I’d pass out from the dying cramps, but I’ve learned to eat my way out of PMS.

PMS, or premenstrual syndrome, describes the many annoying symptoms that a woman may have to endure in the lead up to her period.

In fact, more than 150 symptoms of PMS have been identified, including physical symptoms (think breast tenderness and headaches) and physiological symptoms (mood swings, fatigue, and anger).


PT Lucy Gornall had incredibly painful menstrual cramps that made her pass outCredit: Lucy Gornall
The pill helped her PMS symptoms, but when she stopped taking it, they came back, but she has since learned to use nutrition to relieve them.


The pill helped her PMS symptoms, but when she stopped taking it, they came back, but she has since learned to use nutrition to relieve them.Credit: Lucy Gornall

According to the National Association for Premenstrual Syndromes (NAPS), up to 30 percent of women experience moderate to severe PMS.

Around 800,000 women in the UK suffer from severe PMS.

If you’ve ever tried to tackle PMS, including very mild PMS, you may have started taking the birth control pill, used hot water bottles, taken acetaminophen, or even tried to sleep.

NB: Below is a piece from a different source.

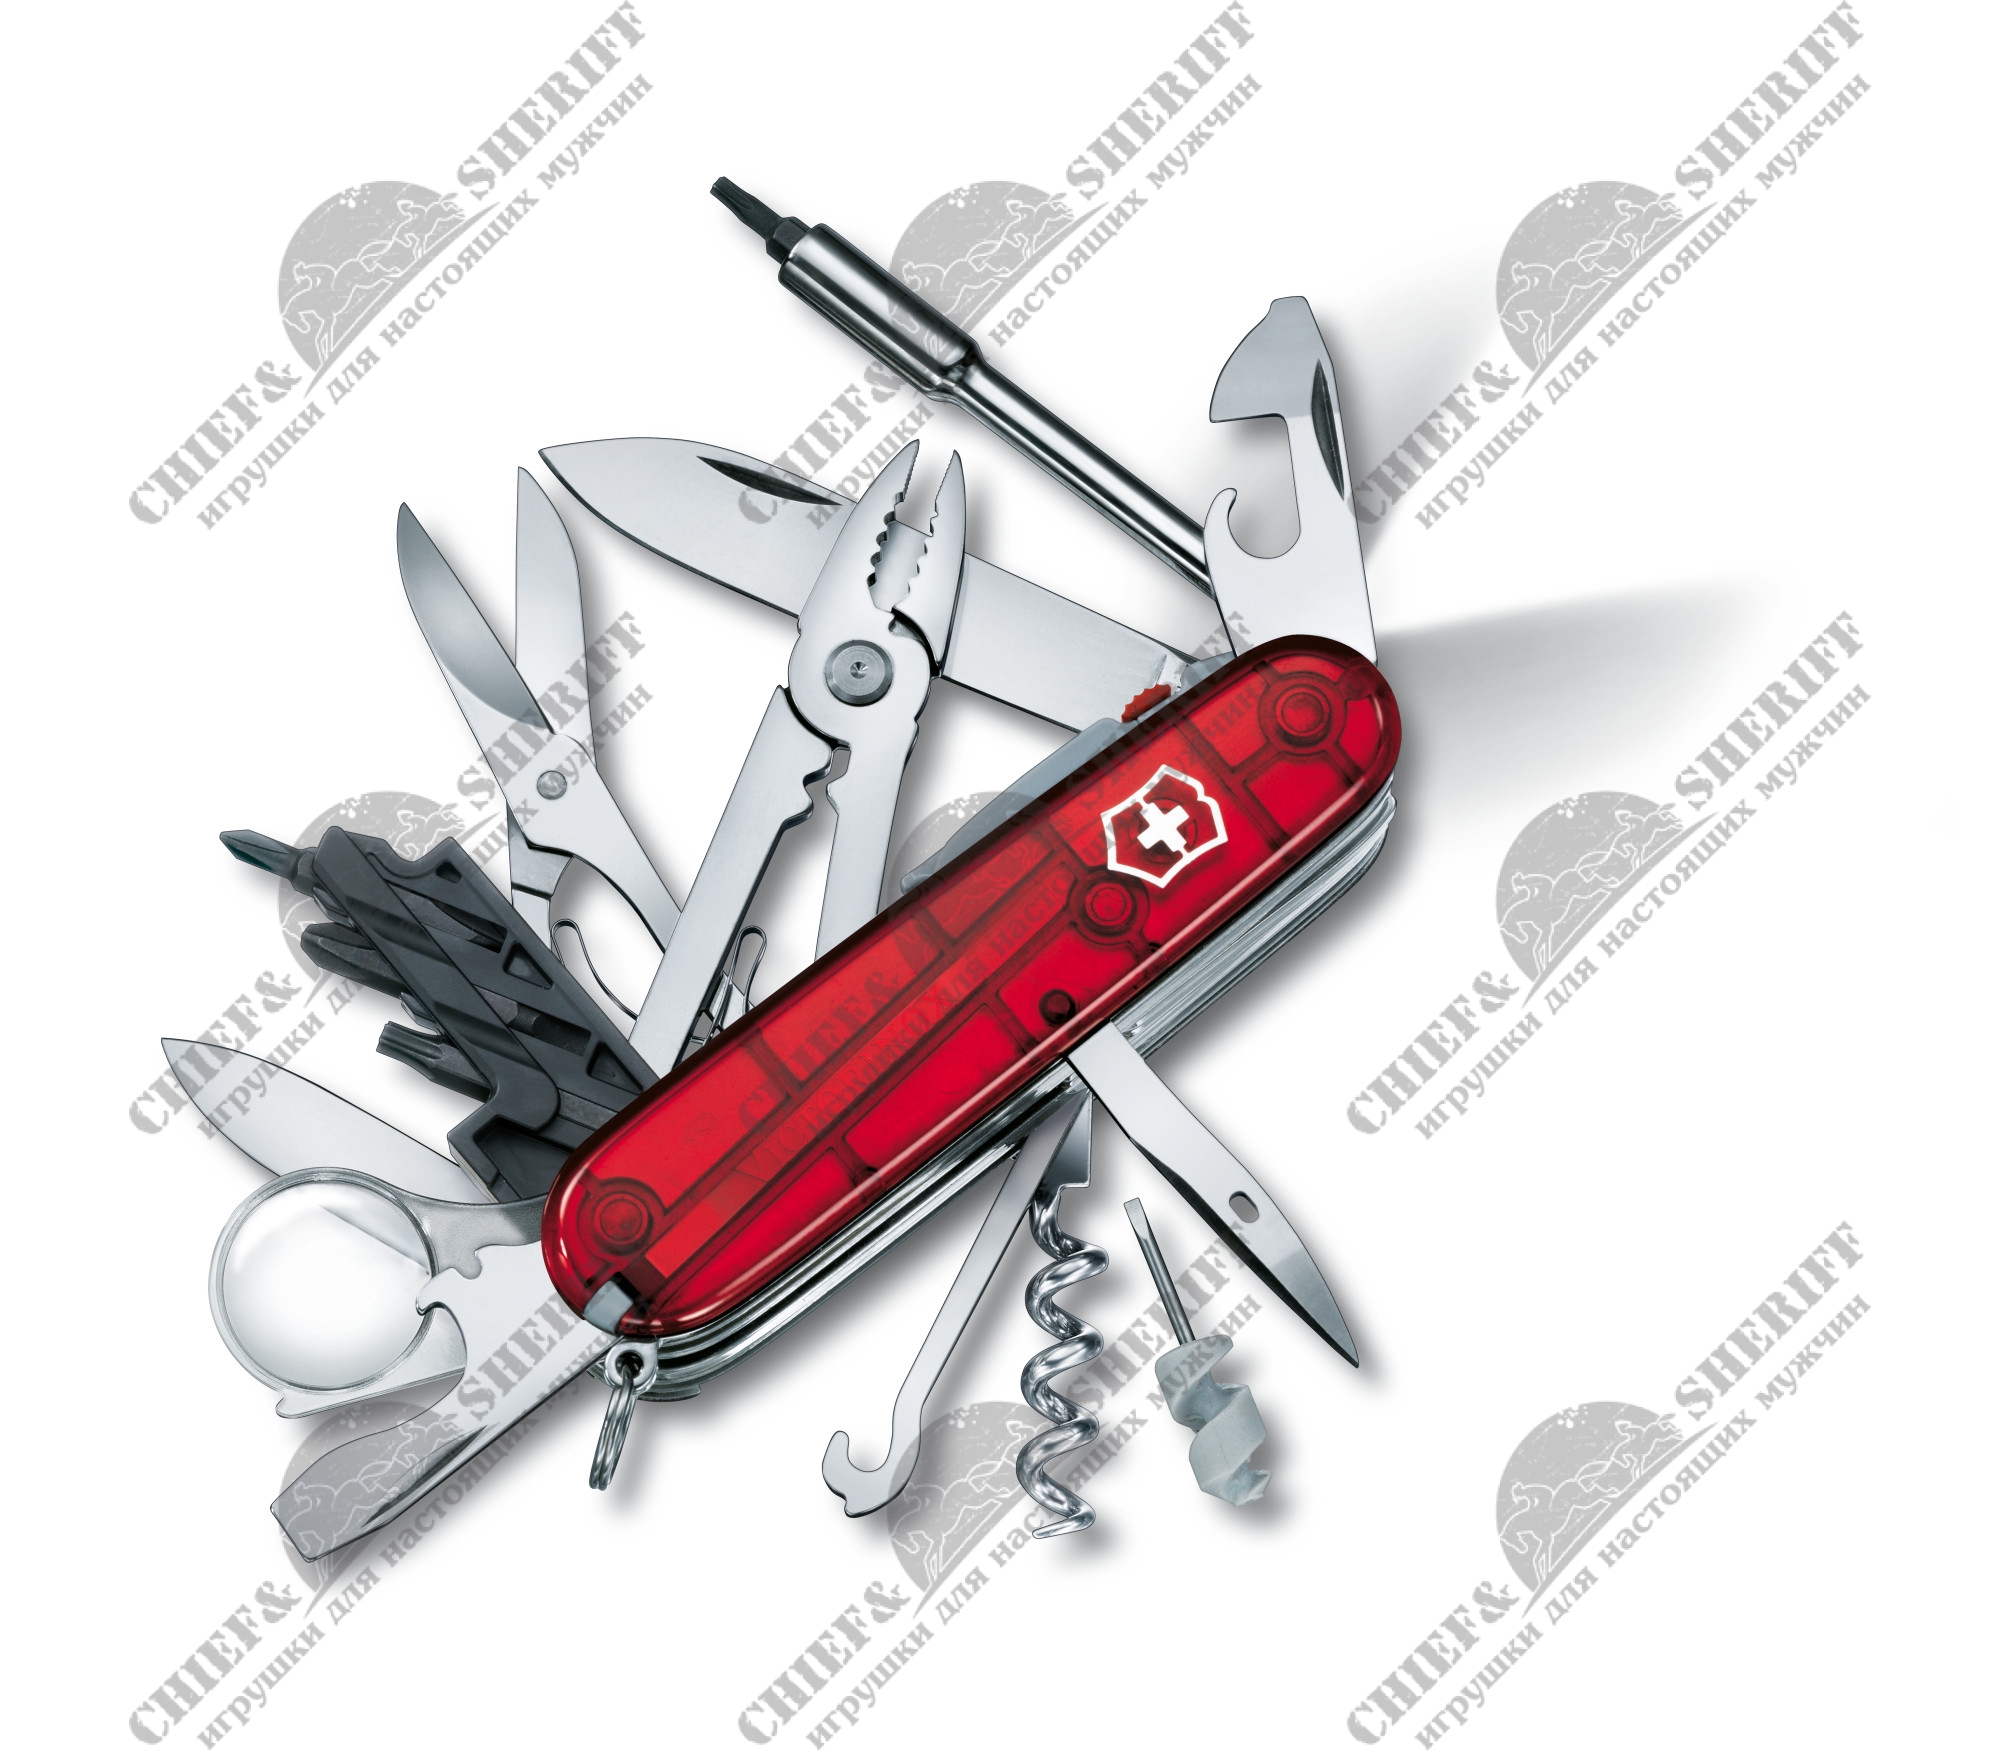 Швейцарский нож Victorinox Cyber Tool Lite (полупрозрачный красный) 91 мм, 36 функций, 1.7925.T

But have you ever thought about the role your diet plays?

“From headaches and lack of energy to cramps and irritability, the symptoms of PMS are long-lasting and varied, affecting up to 85% of women,” says Shona Wilkinson, principal nutritionist at ethical nutrition and supplement brand DR .VEGAN.

“While many factors must be considered to manage symptoms, nutritional intake should be high on the list.”

I started menstruating at the age of 14. During my teenage years I passed out every month from the pain of PMS cramps.

The pill helped eradicate these pains and for 11 years I had no PMS.

Then after the pill, as my cycle settled into a rhythm, my PMS symptoms found their rhythm as well.

Unbearable menstrual cramps manifested for about half a day, at which point I started bleeding, and my head ached.

In the days leading up to my period, I felt like I’d been hit by a bus; the exhaustion was extreme, and to make matters worse, my sleep was virtually non-existent for about five days.

Oh, and of course, there are the blemishes, the greasy forehead, the sore breasts, and the random crying outbursts that became annoying.

However, several lifestyle adjustments, including some dietary changes and supplements, meant that my PMS has definitely eased.

It’s not gone, but it’s not a patch on what it used to be either.

Here are the changes I’ve made, plus some other expert tips that might help you take control of your PMS, once and for all…

I take a vitamin B supplement for general control of PMS

“Simple changes like adding an PMS supplement rich in B vitamins to your daily routine can help alleviate common PMS symptoms,” says Shona.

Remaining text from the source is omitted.